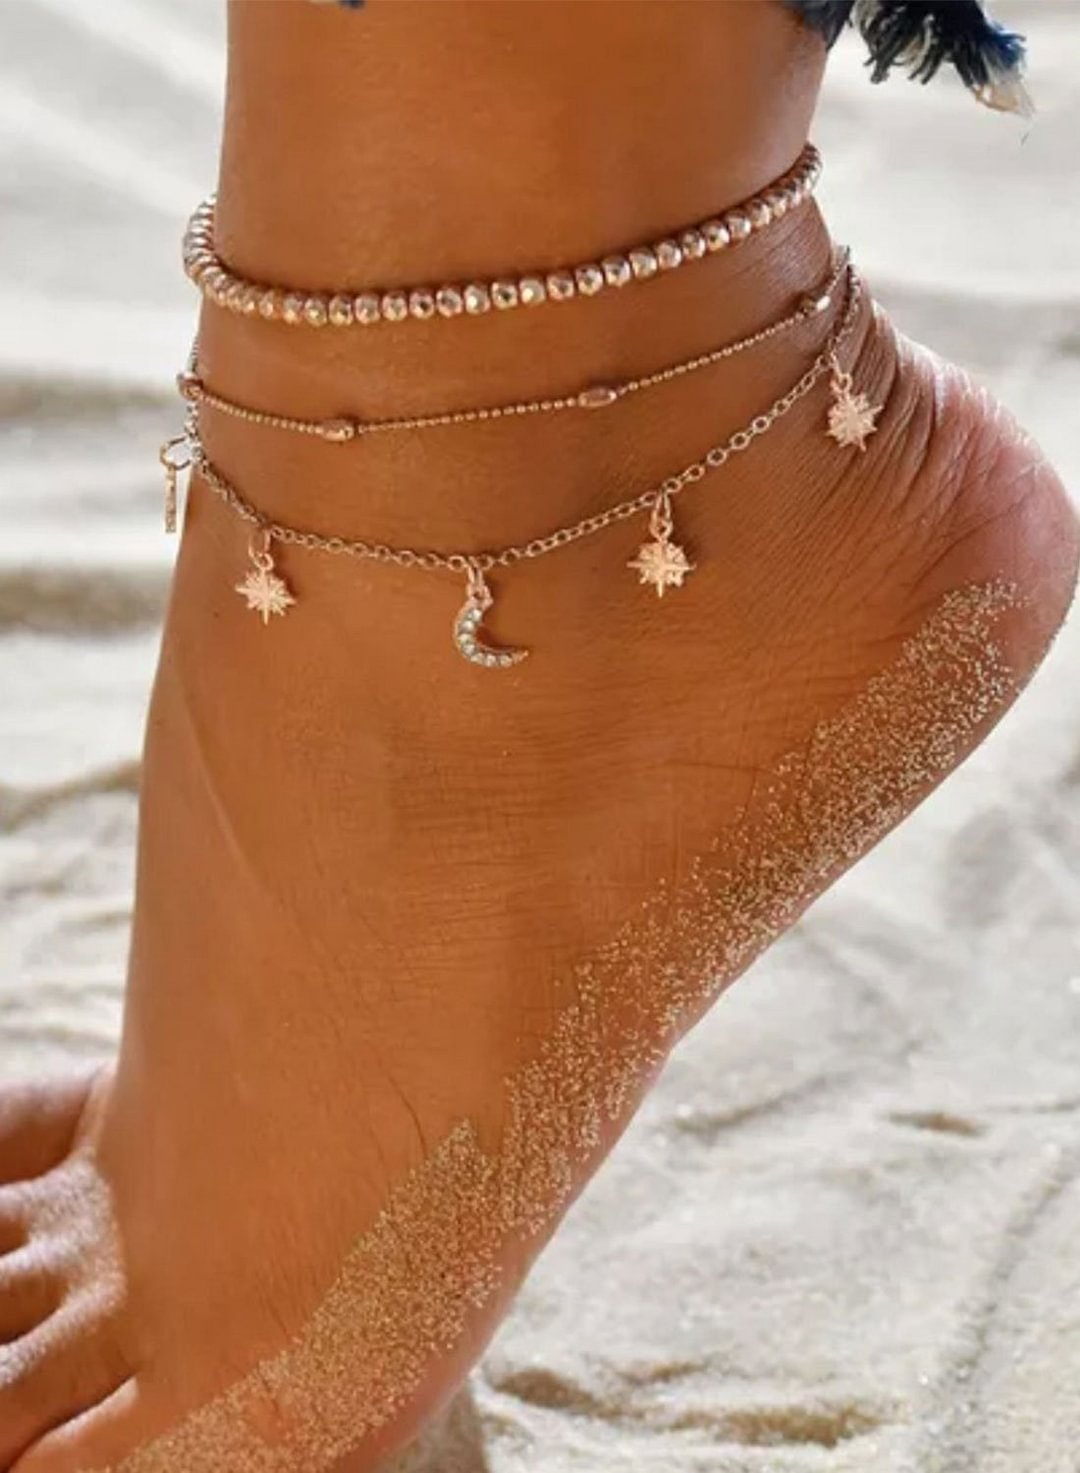 Women's Star Moon Chain Anklets Bracelets Charm Beach Jewelry
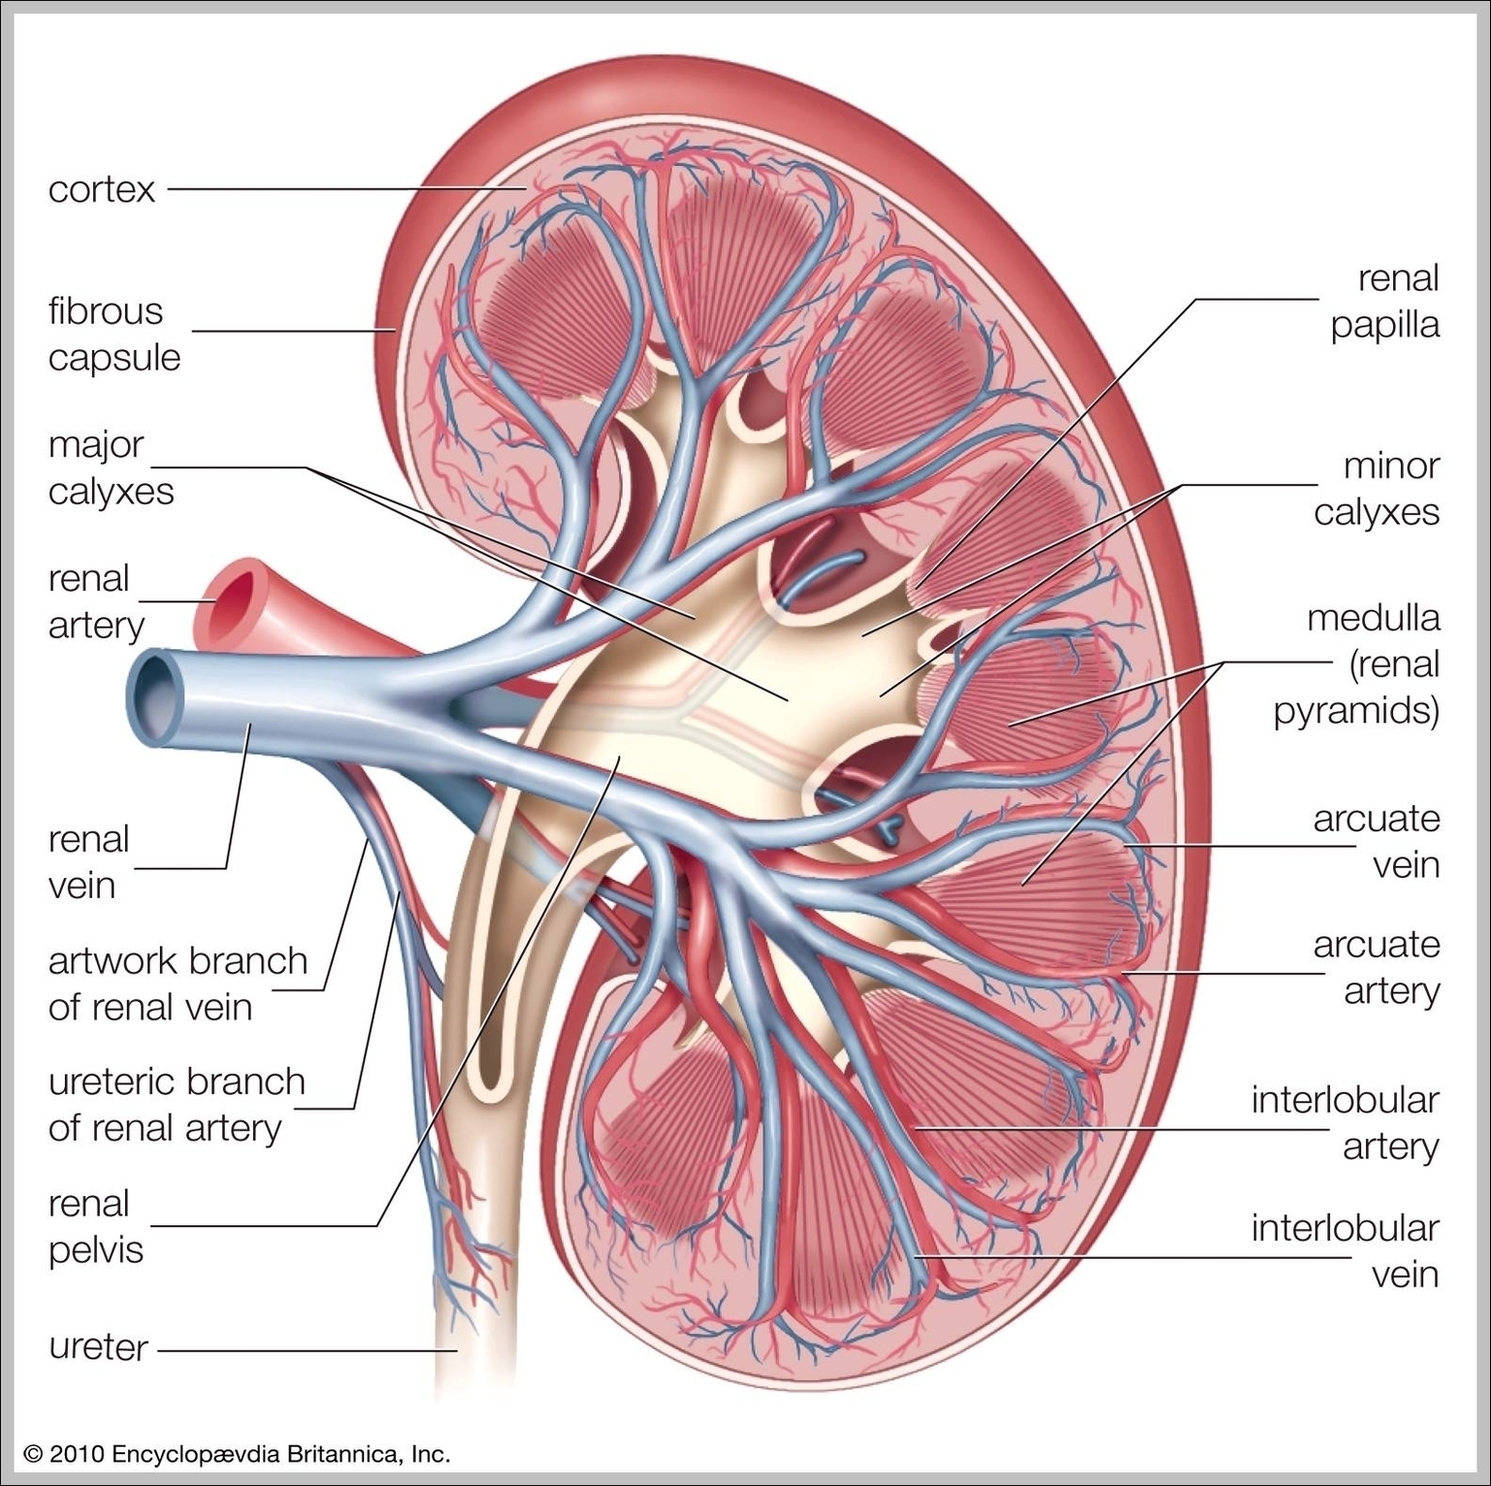 Human Anatomy Kidney Location Image
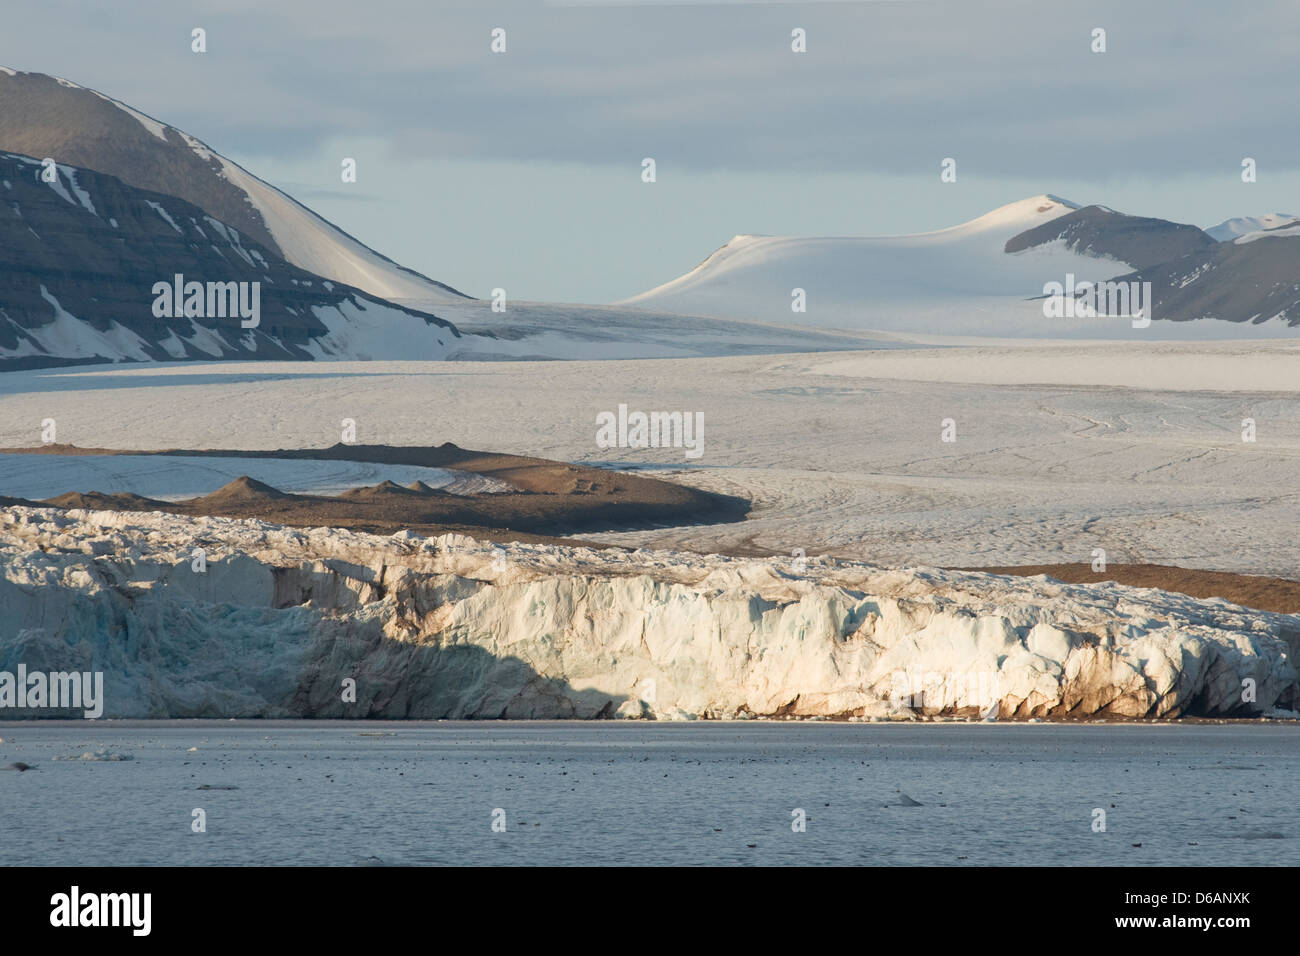 Norway, Svalbard Archipelago, Spitsbergen, Templefjorden, Tunabreen. Beautiful rugged scenery of the massive glacier Tunabreen. Stock Photo
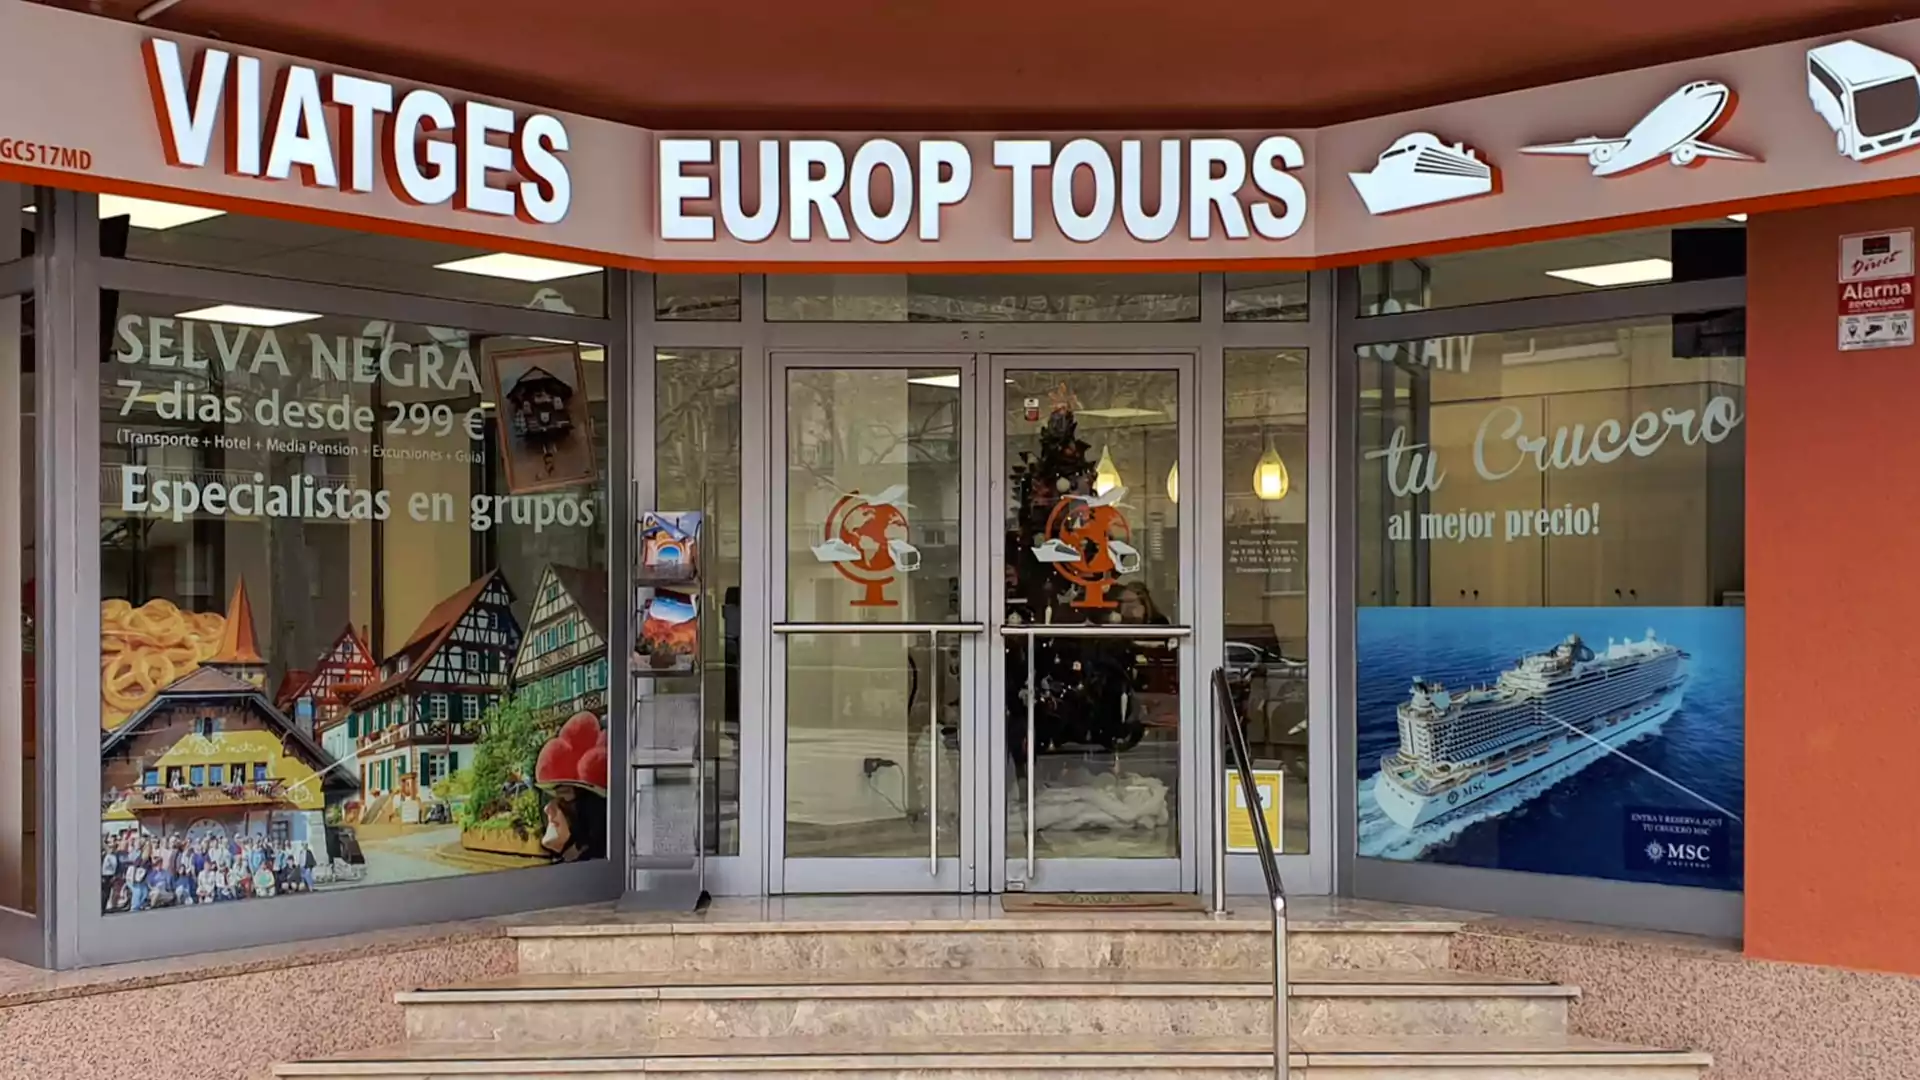 Viatges Europ Tours

*-*-*

• [Required action]
The answer must repeat every line of the listing exactly and leave the pictures out.

• [Written response]
 Women's Star Moon Chain Anklets Bracelets Charm Beach Jewelry
 Human Anatomy Kidney Location Image
 Norway, Svalbard Archipelago, Spitsbergen, Templefjorden, Tunabreen. Beautiful rugged scenery of the massive glacier Tunabreen. Stock Photo
 Viatges Europ Tours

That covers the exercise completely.